Renku update and module not found

I am trying to do a renku update, but then renku does not find the modules anymore. Everything works fine on my local machine, and the packages are installed, but looks that for renku update, renku searches somewhere else to import the modules:

renku update data/img_tech_note/3_uncertainty.png
Resolved '../../../../../../tmp/tmpe70w1gj8' to 'file:///tmp/tmpe70w1gj8'
[job a2f82274-6ce7-4f1f-8b63-006fe842f398] /tmp/azdu2o97$ python3 \
    /tmp/azdu2o97/src_py/plot_uncertainty.py \
    -i \
    /tmp/azdu2o97/data/CAMELS/basin_timeseries_v1p2_modelOutput_daymet.zip \
    -ia \
    /tmp/azdu2o97/data/CAMELS/camels_attributes_v2.0.zip \
    --figsize \
    17 \
    14 \
    --yloc_figlab \
    1.1 \
    --xloc_figlab \
    -00.1 \
    --dist2env \
    --ylim \
    0 \
    1 \
    -o \
    data/img_tech_note/3_uncertainty.png
Traceback (most recent call last):
  File "/tmp/azdu2o97/src_py/plot_uncertainty.py", line 3, in <module>
    from sympy import (diff, Eq, exp, init_printing, integrate, log, solve, nsolve, sqrt, Symbol, 
ModuleNotFoundError: No module named 'sympy'
[job a2f82274-6ce7-4f1f-8b63-006fe842f398] Job error:
("Error collecting output for parameter '_plans_9f8452d6465844348f1a3123b5254d5c_outputs_13': ../../../../../../tmp/tmpe70w1gj8:100:5: Did not find output file with glob pattern: '['data/img_tech_note/3_uncertainty.png']'.", {})
[job a2f82274-6ce7-4f1f-8b63-006fe842f398] completed permanentFail
Error: Unable to finish executing workflow

How can I make sure that renku update finds the modules as well?

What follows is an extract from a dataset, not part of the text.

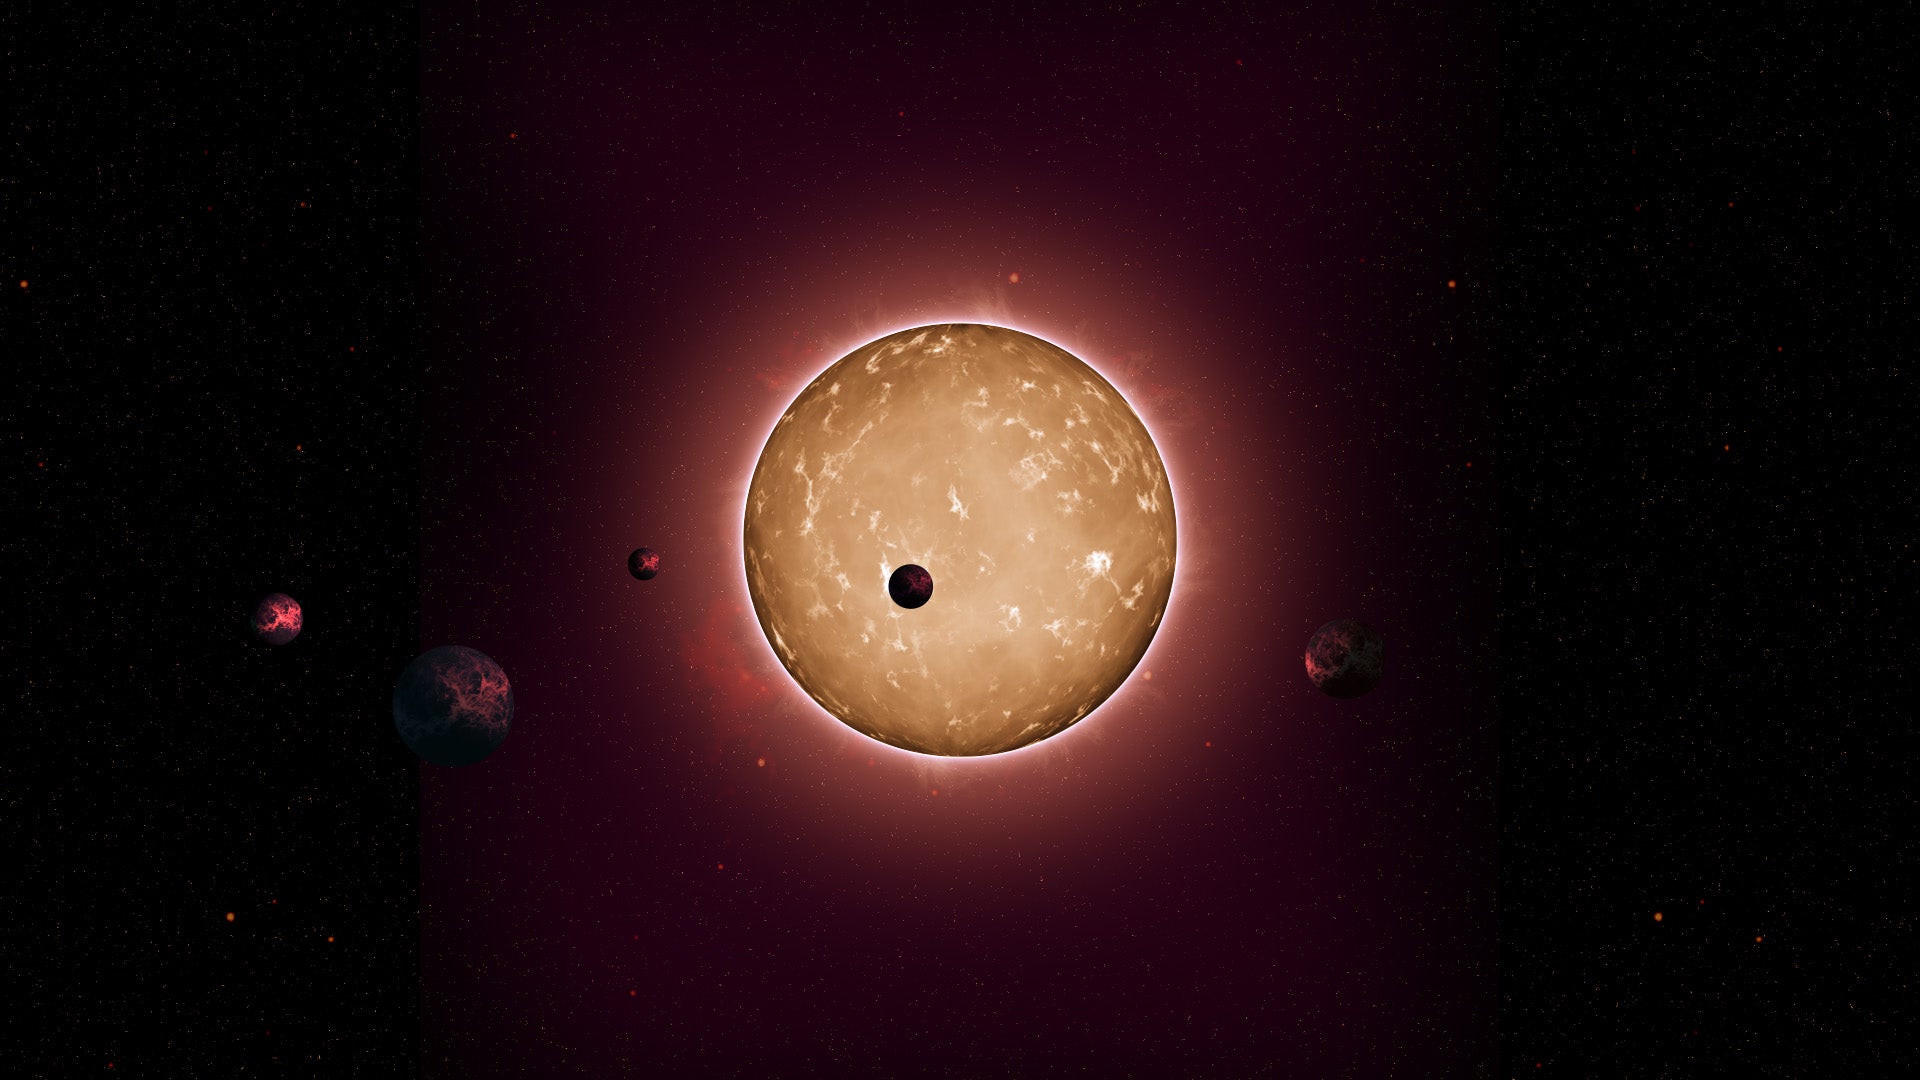 Representación del sistema planetario Kepler-444

Might be that you have renku installed in a different python environment than the one for your project. Do you use virtual environments of some kind?

Since you say everything works fine on your machine, does this happen in an interactive session?

So I am just working locally, and do not use any virtual environments, which is also why I don’t really get where it is coming from. When I do renku run with a script that uses the same module, there is no problem. Only with renku update it happens. Could it be that the cwl is looking for a different path?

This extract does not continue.